— Я — реалист, доктор Стокер. Реалист, которого недавно вышвырнули с последнего английского бала.

Из-под натянутого шелка зонта ей видны были только его ноги. Несмотря на ее официальное обращение, предписывавшее ему удалиться, Джеймс последовал за Николь. Она пошла быстрее. Он даже не спросил, куда они идут, просто молча шагал следом.

День был облачный. Солнце светило, но небо оставалось серым. Совсем как ее душа, подумала Николь, стараясь побороть свое пасмурное настроение. Почему он не оставит ее в покое? Но нет, они молча прошли вместе по Кингс-Парад, затем через двор Королевского колледжа с его знаменитой старой церковью.

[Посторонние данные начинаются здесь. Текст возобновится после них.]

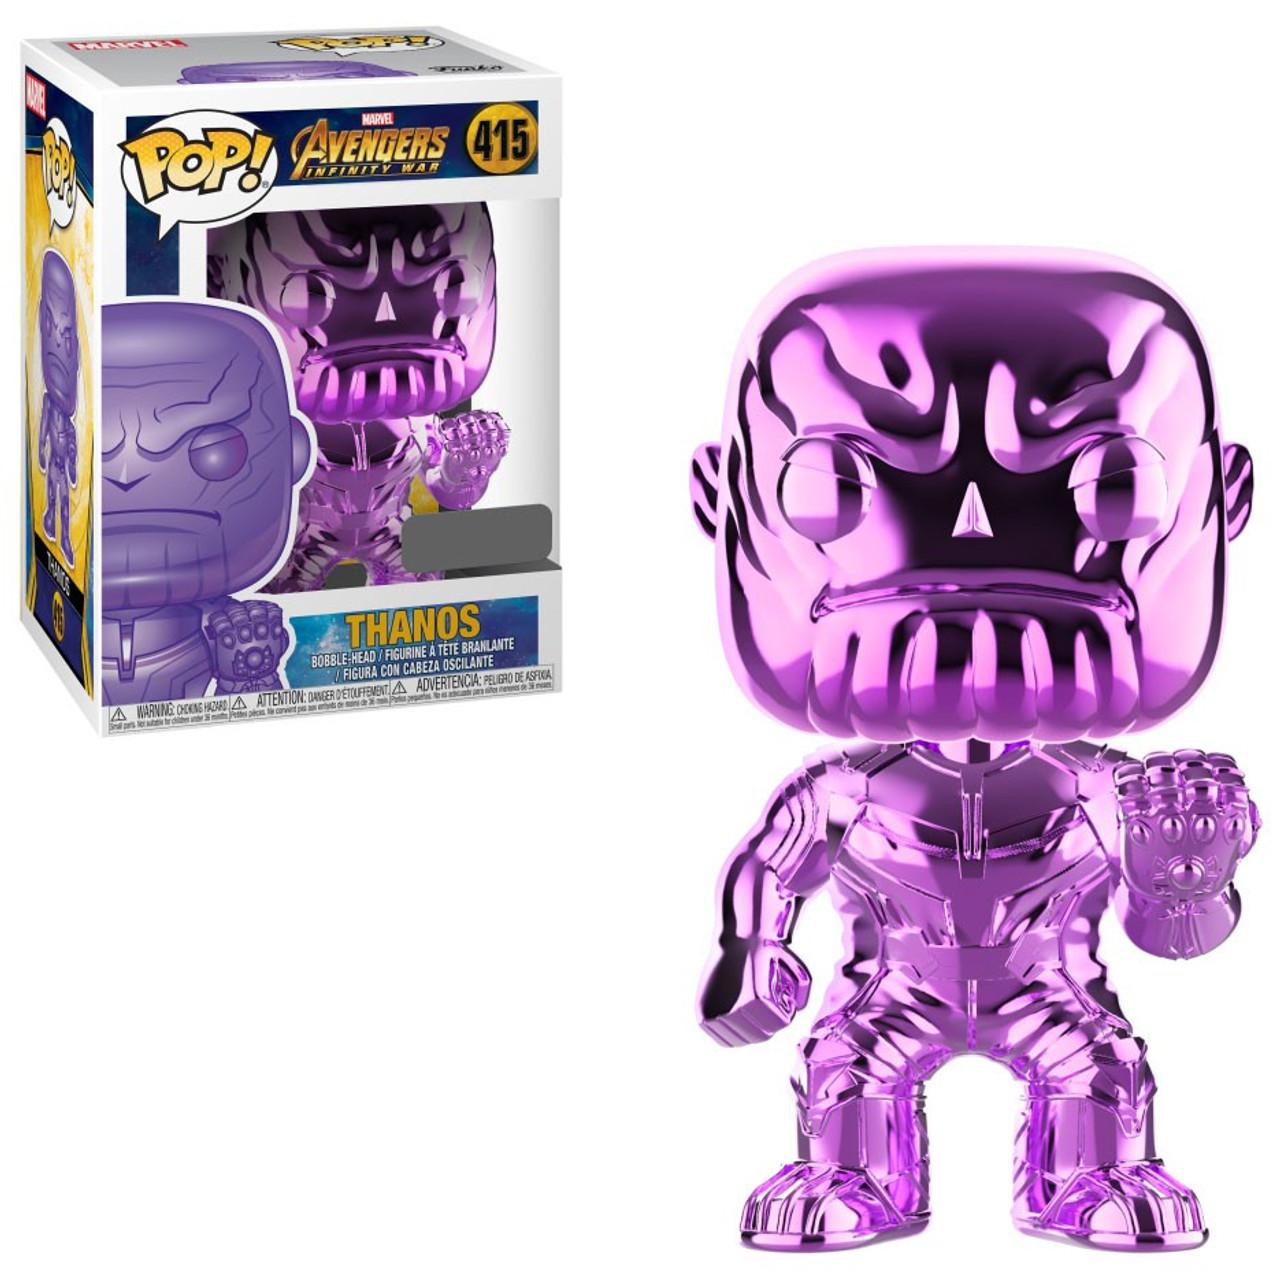 Excellent Condition Chrome Thanos Set Marvel Funko Pop

Сначала она прошла по тротуару, затем через обширные зеленые лужайки, направляясь к реке. Это была полезная долгая прогулка, за время которой они не произнесли ни слова. Николь с Джеймсом перешли через реку Кем, затем пошли вдоль ее западного берега. Их путь проходил под деревьями по стриженой траве. Они шли мимо колледжей в готическом и тюдоровском стилях, которые украшали собой ландшафт, — архитектурное чудо прошедших веков.

Когда они вышли на Куинз-Грин, Джеймс неожиданно спросил:

— Вы пойдете через Гранчестер?

— Да.

— Вы знаете дорогу?

— Тропинка тянется вдоль реки.

— Не совсем так, к тому же дождь собирается.

Она откинула зонтик, чтобы взглянуть на Джеймса, готовясь поспорить с ним, но как бы в подтверждение его слов вдалеке послышался раскат грома. Николь подождала, пока он стихнет, и ответила:

— Со мной все будет в порядке.

— Я могу показать вам, как срезать дорогу к «гранчестерским зубам», — он употребил шутливое название, — если хотите.

Николь закинула зонтик за спину и посмотрела на небо. Оно быстро темнело, и ей пришлось согласиться:

— Хорошо.

За Силвер-стрит зеленые лужайки и корты уступили место огороженным пастбищам. Ограждение представляло собой двойной турникет — каждая секция загородки вращалась на столбе, и это позволяло проходить через нее, оставляя миролюбивых коров пастись на лугу.

Джеймс указал:

— Отсюда, если пойдете лугом, — срежете путь.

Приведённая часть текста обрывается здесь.